In cases of radars, an aiming procedure will be required prior to assembly. This may require the correct software to complete this task, as well as a digital angle finder. Often, the aiming procedures will be required before assembling bumper assemblies and may not be considered a calibration. 

The Key to Reducing Returns

After all the repairs are done and the vehicle is assembled, it’s time to set up for the calibrations. Calibrations validate that the repairs were done correctly. The drawback is that sometimes the calibration or relearning process is not done correctly, or there is an issue that reveals itself a few key cycles later. 

Remember, you can have a successful calibration, but if the targets, environment or automaker’s prerequisites were not correct, the vehicle will not perform correctly and will take a few cycles or test drives for the algorithm to figure out there is a problem.

Sometimes, a short time later, the customer will get a light on the dash indicating that a system is not functioning correctly — which will cause him or her to return the vehicle to the shop. This scenario can be eliminated if the shop performs a final test drive for some distance after every process is complete versus a quick run around the block. This drive will give the vehicle electronics time to react, identify any issues and set any DTCs that are reoccurring.   

The other reason a shop must perform the final post-repair scan is that although services such as coding and calibrations were done, the shop and personnel were still working with the vehicle and possibly performing procedures either needed or still needed after the calibrations. This will not be found until after the customer drives the vehicle if no final or incomplete test drive was done. Before and after the test drive, these newly caused codes need to be documented, researched and cleared, if possible. If they’re reoccurring, it’s important to determine if they were collision-related, UPD or created during repairs. This is where the pre-repair scan becomes so important to compare to the post-repair scan to diagnose the issue. Without this, the phrase, “It worked before I brought it in,” may lead to you footing the bill for repairs to appease the customer. 


I know that all this information about pre-repair scans, post-repair scans, calibrations programming and coding as well as diagnostics is difficult to keep up with.

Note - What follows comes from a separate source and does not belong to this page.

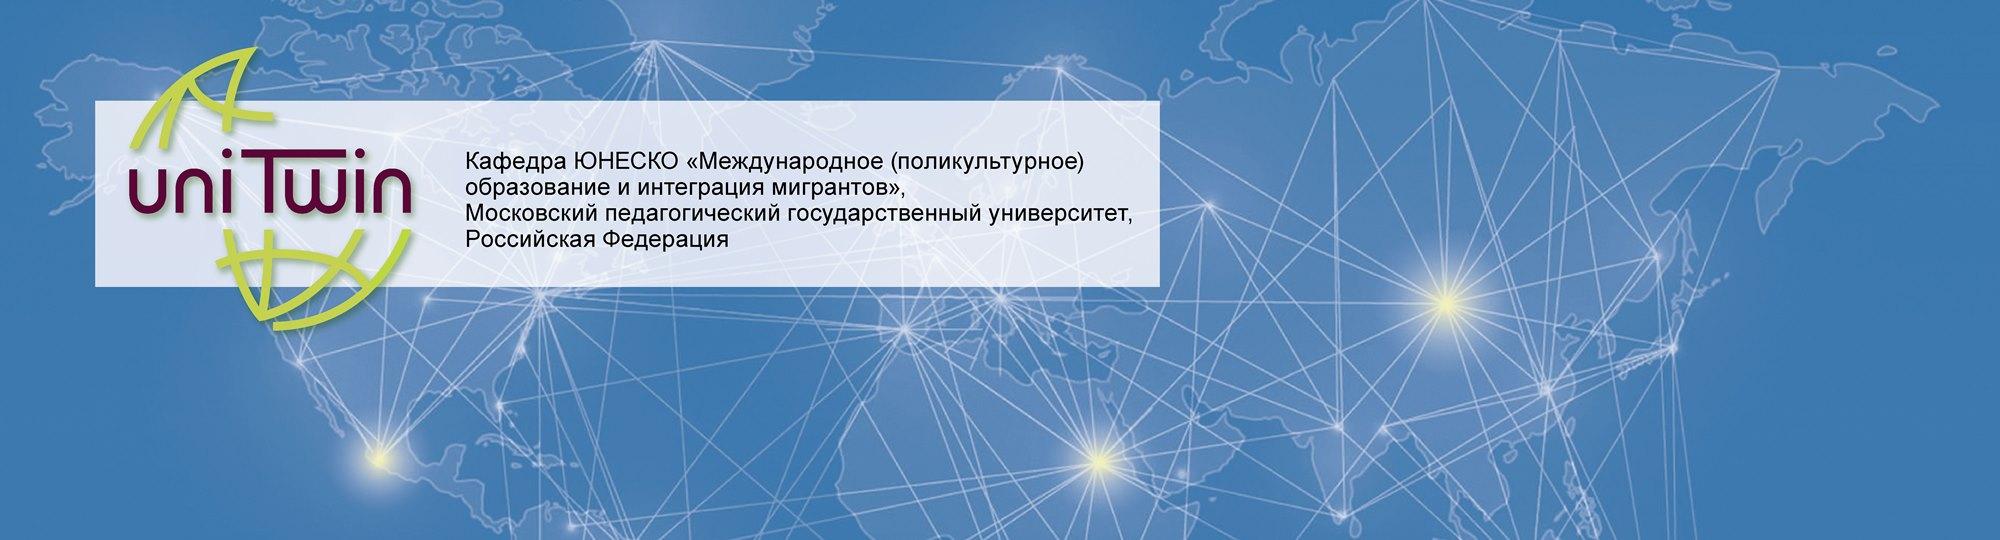 Banner-UNESCO-rus-blue

Having a scan tool and maintaining updates is a task that must be done or checked every day. Vehicle manufacturers are changing the game every day on their vehicles, adding systems and changing access to the vehicle. 

If you’re doing scans in-house, you know what the process is. For those of you who are subletting, it takes coordination to complete all the tasks required to repair the vehicle correctly. That too is a never-ending thought process to schedule. 

Make no mistake: The time and effort to do calibrations in your shop, in addition to altering space, will increase in your shop every day. Plan and research your needs. Never short-cut on the steps and the order they need to be done. I see so many wash bay diagnostics being done in the industry where issues with vehicle electronics are found right before delivery to the customer, and that will only lead to headaches.